[Peace-discuss] The official story

C. G. Estabrook galliher at illinois.edu
Wed Sep 30 11:22:12 CDT 2009


[The Obama administration is removing those who embarrassingly point out the 
fraudulence of the Karzai government, which suggests that they intend to fight 
it out on this line if takes all summer -- and even much longer.  I think we 
should avoid overstating parallels between Vietnam and Afghanistan, but Obama 
seems once again to be following rather closely the practice of the Johnson 
administration.  After the fraudulent election of September 1967 in South 
Vietnam, the USG expanded the war with the notion that it had an adequate puppet 
in place.  They seem to be doing it again.   --CGE]


	Published on Wednesday, September 30, 2009 by BBC News
	UN 'to Remove Afghanistan Envoy'

A senior UN official in Afghanistan is to be removed from his post following a 
row about the country's presidential election, the BBC has learned.
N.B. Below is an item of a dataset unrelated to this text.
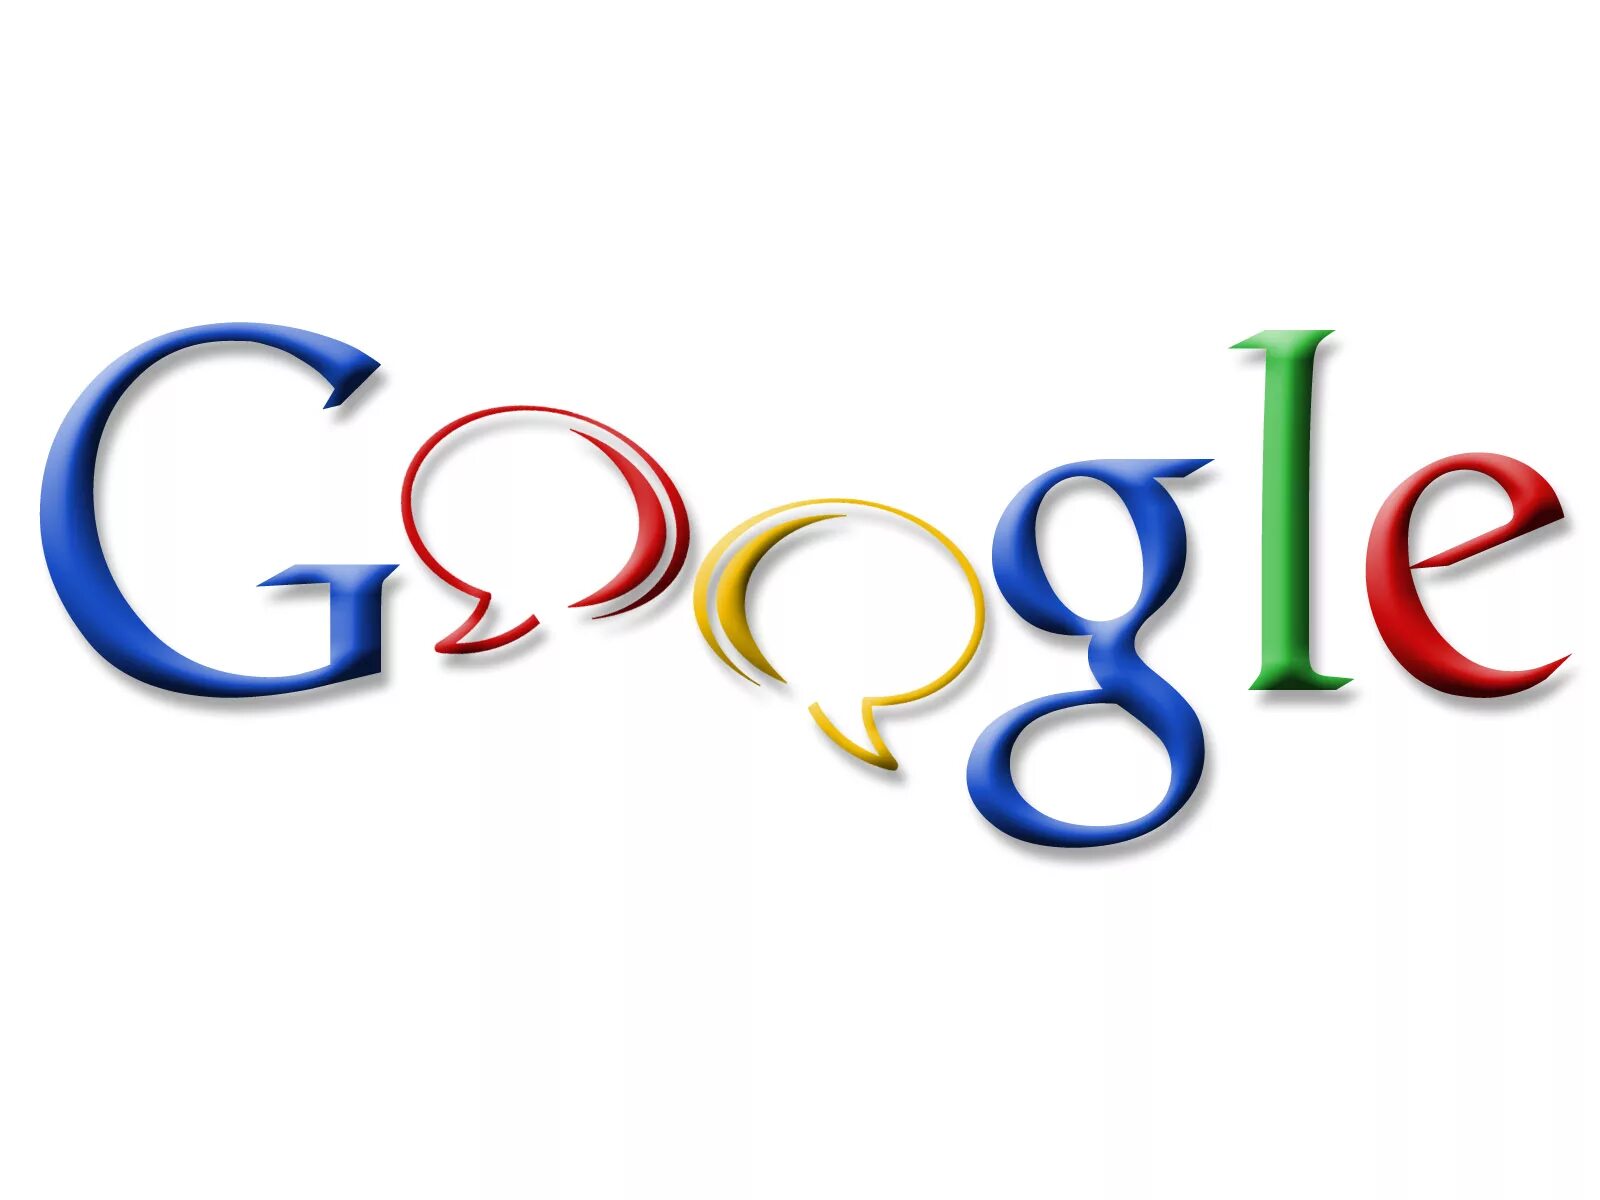 Channel google. Гугл. Логотип компании гугл. Гугл без фона.

The deputy UN special envoy to Afghanistan Peter Galbraith attends a meeting in 
Munich, southern Germany, April 2009. Galbraith will not return to his post 
after a row with his boss over fraud-tainted elections, dealing a blow to US 
prestige in the country, a UN official said. (AFP/DDP/File/JOERG KOCH)UN 
officials said Peter Galbraith had not been fired but would be removed from the 
mission.

Mr Galbraith, a US diplomat, said: "The secretary general appointed me and has 
not fired me so far as I know."

Mr Galbraith angered Afghan President Hamid Karzai by reportedly calling for a 
complete recount of the vote.

Last week the top UN Afghan envoy, Kai Eide, said Mr Galbraith had left the 
country after a row between them.

But he denied he had ordered him to go.

UN sources say Secretary General Ban Ki-moon decided to end Mr Galbraith's 
mission after it became clear he was no longer able to carry out his work in 
Afghanistan, says the BBC's Lyse Doucet.

Some Afghan cabinet ministers had said they no longer wanted to work with him.

It is understood that Mr Galbraith would have been kept in his post until after 
a final ruling on the disputed presidential election - a process that is in its 
final stages - but leaks emerged in Kabul before Mr Galbraith himself had been 
informed of the secretary general's decision, said Ms Doucet.

A UN spokesman in Kabul told the BBC: "We are aware of the reports. An 
announcement of this nature would come from the UN secretary general's office in 
New York. At this stage there has been no announcement".

'Valuable deputy'

Last week, Mr Eide told the BBC the dispute had been resolved by Mr Galbraith 
agreeing to leave the country for a while.

He described Mr Galbraith as "a valuable deputy" and said he hoped they could 
"re-establish a good team and work together".

Mr Eide declined to talk about details of his disagreement with Mr Galbraith, 
but said the UN should respect the constitutional bodies in charge of the 
presidential election "to avoid any impression that there is foreign interference".

The row is between two men who have known each other for a long time but have 
very different styles, but a UN source said that had not been the only factor in 
Mr Galbraith's removal, Lyse Doucet says.

It is understood that Mr Ban would not have dismissed Mr Galbraith - who came to 
the post with US support - without backing from the Washington, she adds.

The US, along with other foreign missions in Afghanistan, appears to want to 
move on from the election dispute to deal with the country's other considerable 
problems, she says, but this will anger observers who believe a more robust 
response is needed to the allegations.

EU election observers have said that about 1.5m votes - about a quarter of all 
ballots - cast in August's presidential vote could be fraudulent.

They say that 1.1 million votes cast for President Karzai are suspicious.